The Magical Horizontal Force Muscle? A Preliminary Study Examining the "Force-Vector" Theory

Abstract

The force-vector theory contends that horizontal exercises are more specific to horizontal sports skills. In this context, the focus is on horizontal force production relative to the global coordinate frame. However, according to the principle of dynamic correspondence, the direction of force relative to the athlete is more important, and thus the basis for the force-vector theory is flawed. The purpose of this study was therefore to test the force-vector theory. According to the force-vector theory, hip thrust is a horizontally loaded exercise, and so hip thrust training would be expected to create greater improvements in horizontal jump performance than vertical jump performance. Eleven collegiate female athletes aged 18⁻24 years completed a 14-week hip thrust training programme. Pre and post testing was used to measure the following: vertical squat jump, vertical countermovement jump, horizontal squat jump, horizontal countermovement jump and hip thrust 3 repetition maximum (3RM). Subjects improved their 3 repetition maximum hip thrust performance by 33.0% (d = 1.399, p < 0.001, η² = 0.784) and their vertical and horizontal jump performance (improvements ranged from 5.4⁻7.7%; d = 0.371⁻0.477, p = 0.004, η² = 0.585). However, there were no differences in the magnitude of the improvement between horizontal and vertical jumping (p = 0.561, η² = 0.035). The results of this study are contrary to the predictions of the force-vector theory. Furthermore, this paper concludes with an analysis of the force-vector theory, presenting the mechanical inconsistencies in the theory. Coaches should use the well established principle of dynamic correspondence in order to assess the mechanical similarity of exercises to sports skills.
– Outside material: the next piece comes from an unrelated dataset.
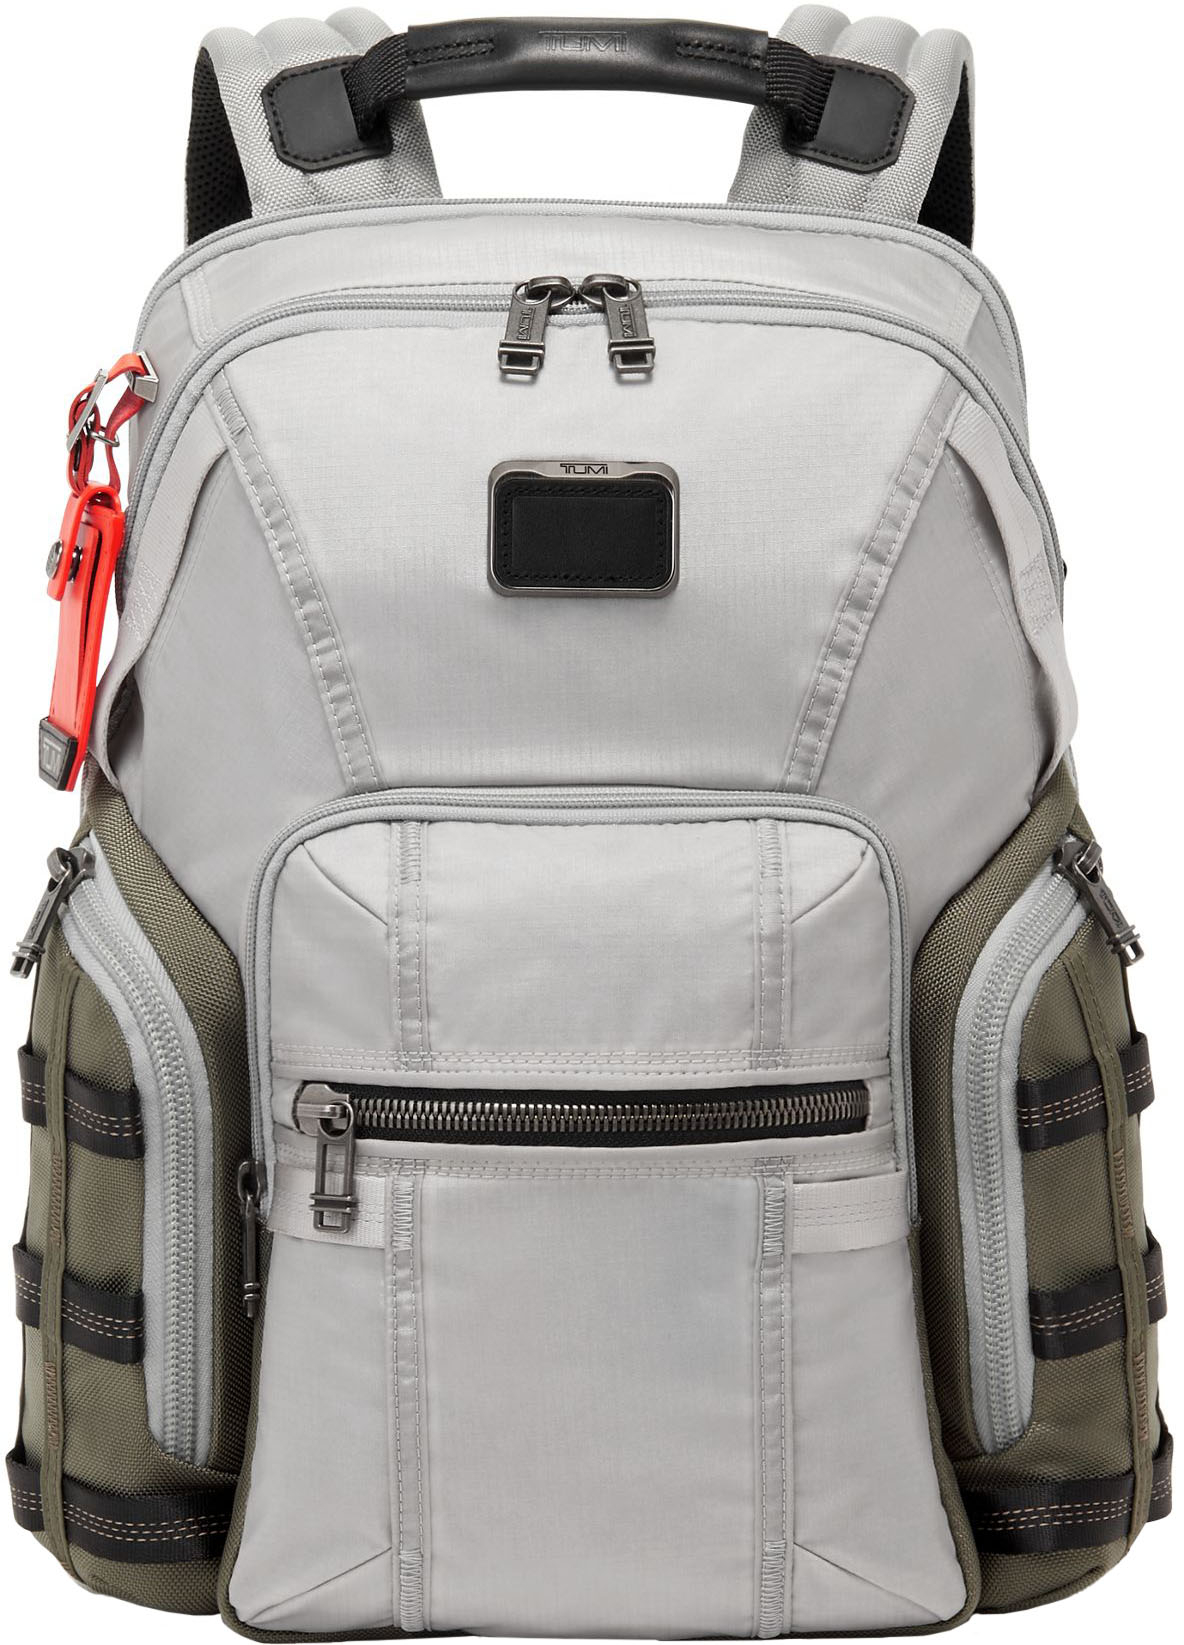 Most Popular Tumi Backpack | vlr.eng.br
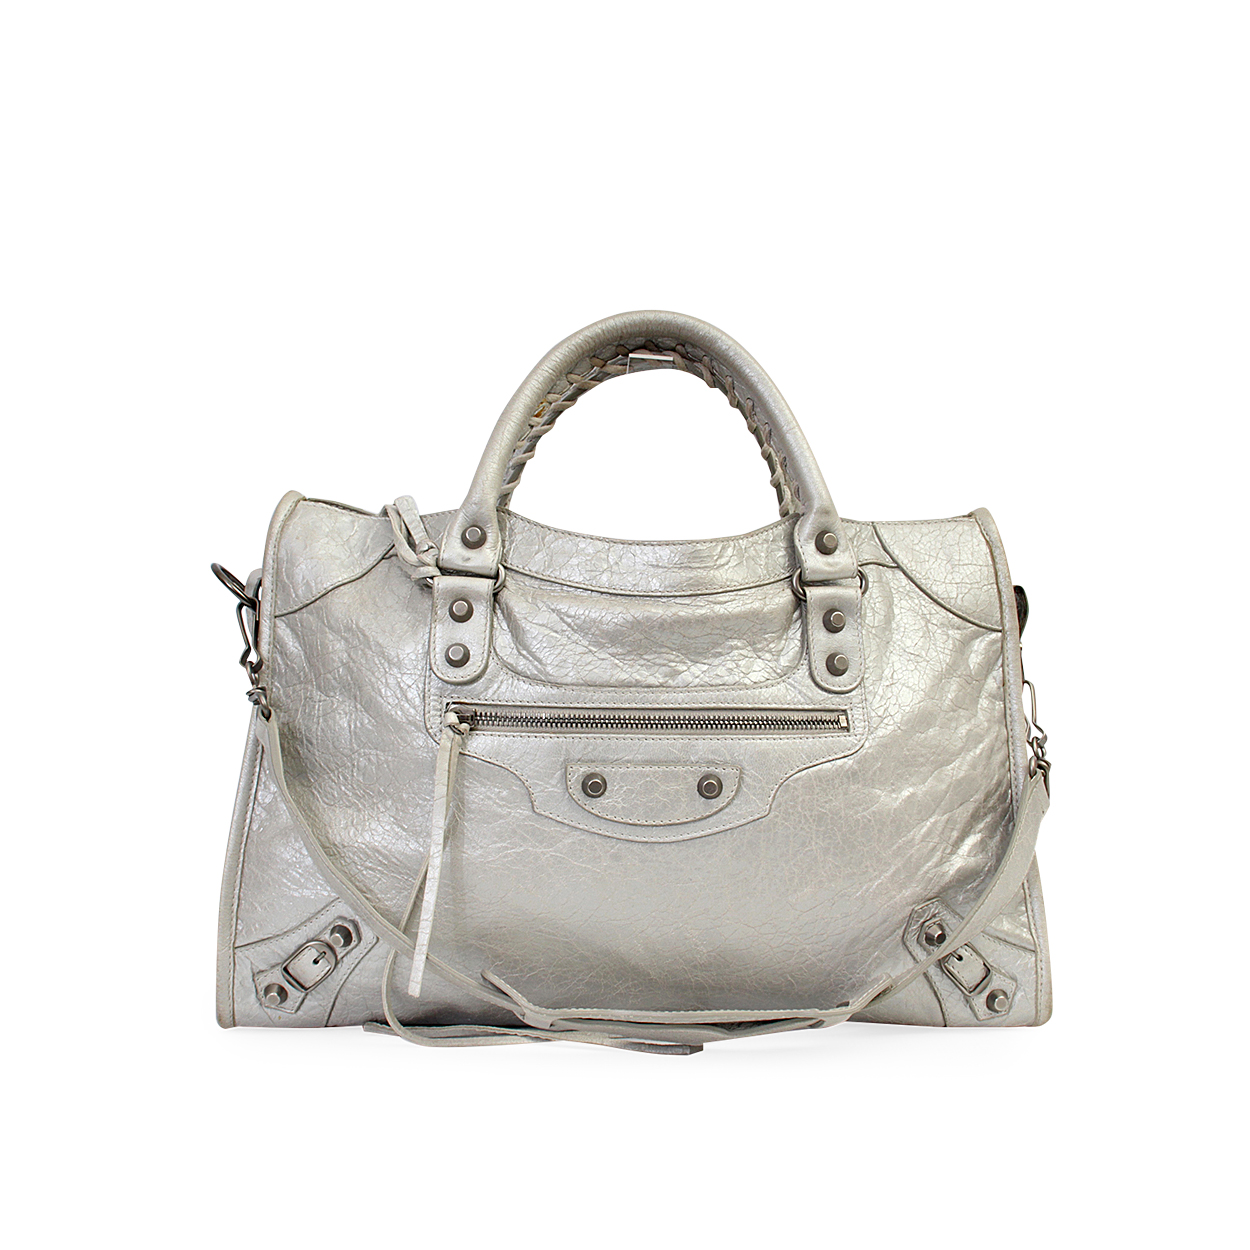 Balenciaga Releases Silver Metallic Edge City Bag for Prefall 2014   Spotted Fashion

Keywords: dynamic correspondence; hip thrust; jump training; specificity; vertical jumping.

Figure 1

Relationship between global (world fixed—black axes) and local (athlete fixed—light grey axes) coordinate frames. (A) An athlete accelerating experiences a ground reaction force (dark grey arrow) which has substantial horizontal and vertical components relative to the global frame. (B) If the athlete is rotated such that the local and global frames are aligned, it is apparent that the direction of the ground reaction force relative to the athlete is largely vertical.